The Government's Real Problem With the Bradley Manning Trial
Despite a guilty verdict on most counts, the government still can't share intelligence. By Matthew Cooper
Now that a military judge has acquitted Pfc. Bradley Manning of aiding the enemy and convicted him of violating the Espionage Act, civil libertarians are breathing a small sigh of relief. But the Obama administration still has a big problem: how to control the flow of information between government agencies so you don't have a system that allows a private stationed in Iraq--or a contractor dating an acrobat in Hawaii--from downloading and distributing secret documents.
Top officials know they've got a problem. Earlier this month, Deputy Defense Secretary Ashton Carter addressed the information-sharing problem at the Aspen Security Forum. "There was an enormous amount of information concentrated in one place," Carter said. "It creates too much information in one place. You had an individual who was given very substantial authority to access that information and move that information. That ought not to be the case, either."

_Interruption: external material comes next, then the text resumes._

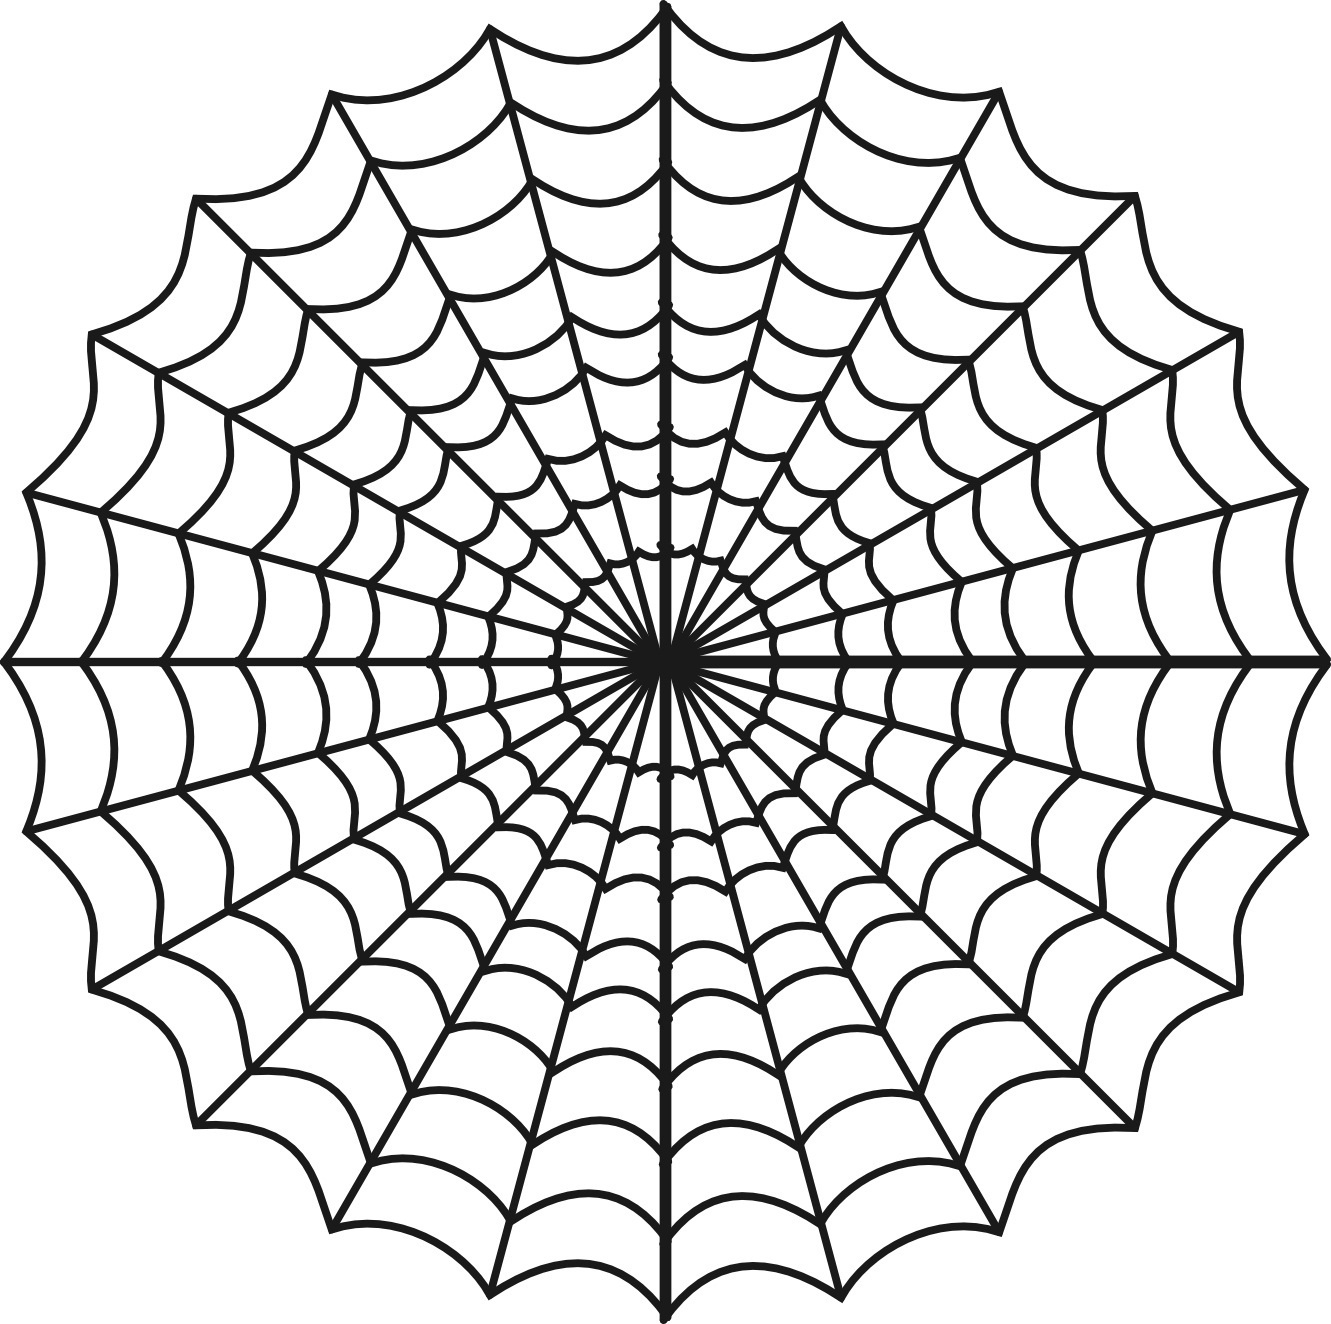 Printable Spider Web Stencil Coolest Free Printables. This Stencil
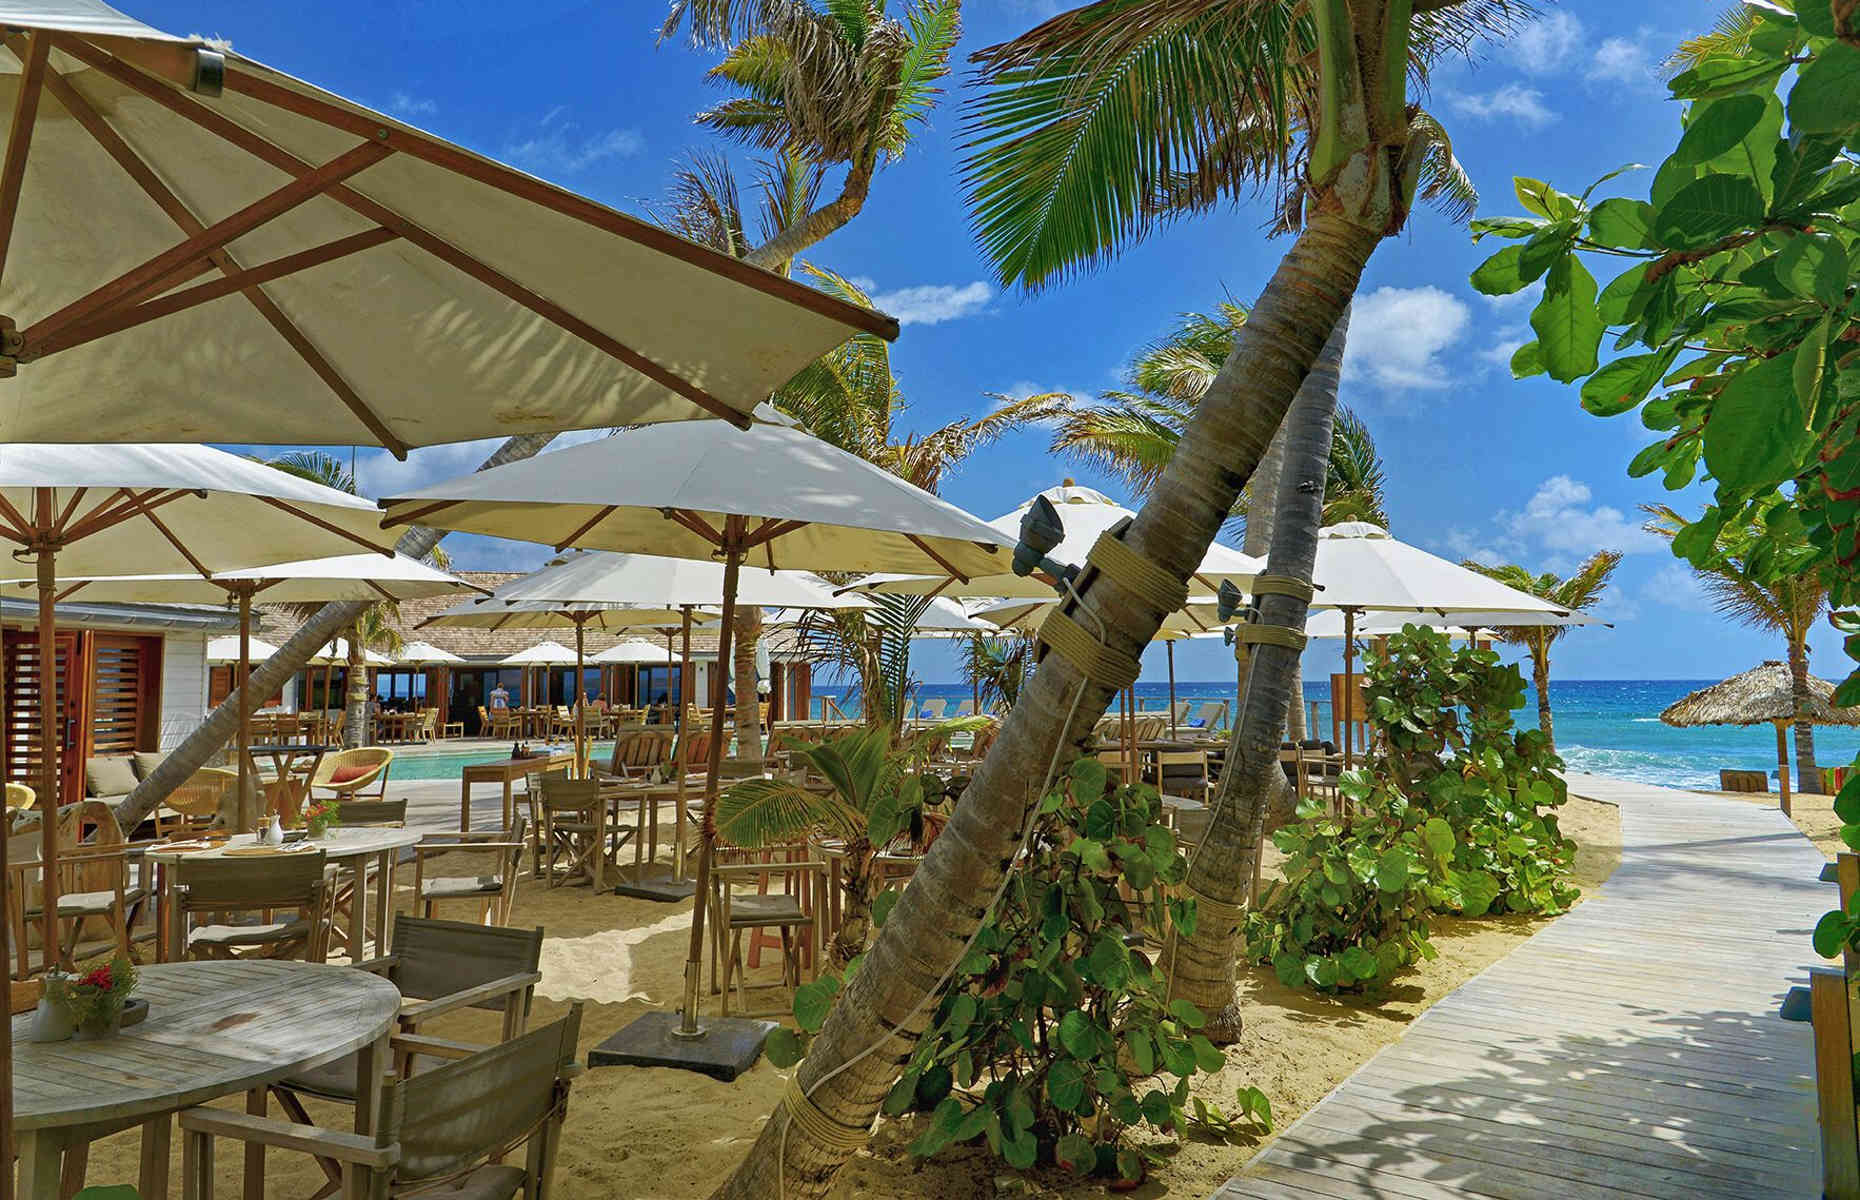 Restaurant plage Hôtel Manapany - Hotel St Barthélemy, Voyage Caraïbes

How did we get in this mess? Before the 9/11 attacks, government policies were the worst of both worlds: On one hand, you had a vast overclassification of documents shielding many secrets from government accountability. (See the 1997 panel led by the late Sen. Daniel Patrick Moynihan.) And, of course, you had too little sharing between government agencies, which could possibly have prevented 9/11. When it came to the hijackers, we now sadly know the FBI didn't know what the CIA was doing--and vice versa. Even within the FBI, there wasn't enough information sharing.
A number of changes were made after that, thanks to the 9/11 report. There were things like the National Counter Terrorism Center, the Patriot Act's breaking down of walls between agencies, and a vast expansion of computer sharing. As the national security state swelled, there was an explosion in classification, but at least the upside was an ability for agencies to cooperate more easily, and this led to the bin Laden raid and the capture of the Times Square bomber. The vast archives of sensitive information grew, and so did those who had access to them, including Manning, who inserted blank CDs marked "Lady Gaga," slipped them into a drive in Baghdad, donned headphones like he was rocking out, and downloaded some 700,000 documents, shipping them off to WikiLeaks.
As a low-level military intelligence officer, Manning not surprisingly had access to Pentagon secrets. But one of the most perplexing things about the case was his access to State Department cables. When Manning's leak was first uncovered, then-Rep. Pete Hoekstra asked what everyone was wondering. "Why would a private first class, sitting in Baghdad, have access to data far beyond his area of responsibility?" Hoekstra asked. "How can it be that between 500,000 and potentially over a million government employees have access to a database of sensitive State Department cables?"
In the following months, we learned a lot more about the wide availability of State Department cables. "Thee idea was that there was a wealth of information that needed to be available on the ground, to the war-fighters," testified Charlie Wisecarver, the former deputy chief technology officer at State during the Manning trial who outlined the Horizontal Fusion program. Collecting the cables was a high priority at State, which even asked department enlisted Foreign Service officers' spouses to scan in older cables. Cables were uploaded to the Defense Department's Secret Internet Protocol Router Network. The State Department didn't put much in the way of restrictions on their use by the military, although at Foggy Bottom there were more protocols. The consequence is, Manning's documents rocked the world, perhaps even helping to ignite the Arab Spring when it was revealed how corrupt U.S. officials considered the Tunisian regime.
Steps have been taken to come up with a more sensible information flow. State is scrubbing cables more carefully before sending them to the Pentagon, and the Pentagon is tightening access. As part of a discussion of the Snowden case at the Aspen Security Forum in July, National Security Agency Director General Keith Alexander said, "You limit the numbers of people who can write to removable media. Instead of allowing all systems administrators [to do it], you drop it down to a few and use a two-person rule.... We'll close and lock server rooms, so that it takes two people to get in there."
But Washington is still worried. In a recent interview with National Journal, Republican Sen. Mark Kirk of Illinois, a former officer in the Navy Intelligence Reserve, said, "We have a classified Internet on the backside of the intelligence community, and if you're on that system, then a Bradley Manning can download the presidential book of secrets like in the movie [National Treasure]." He noted that he didn't have nearly the kind of access to government-wide data when he was in the Balkans and Afghanistan as part of the reserves.
The trouble for Obama and his successors is that there's no easy way to fix the problem. Yes, you can make it harder to download data or have more alerts when someone does. It's pretty clear that no system is safe, and as long as the government has lots of people with lots of access to goldmines of classified data this won't be the last Bradley Manning.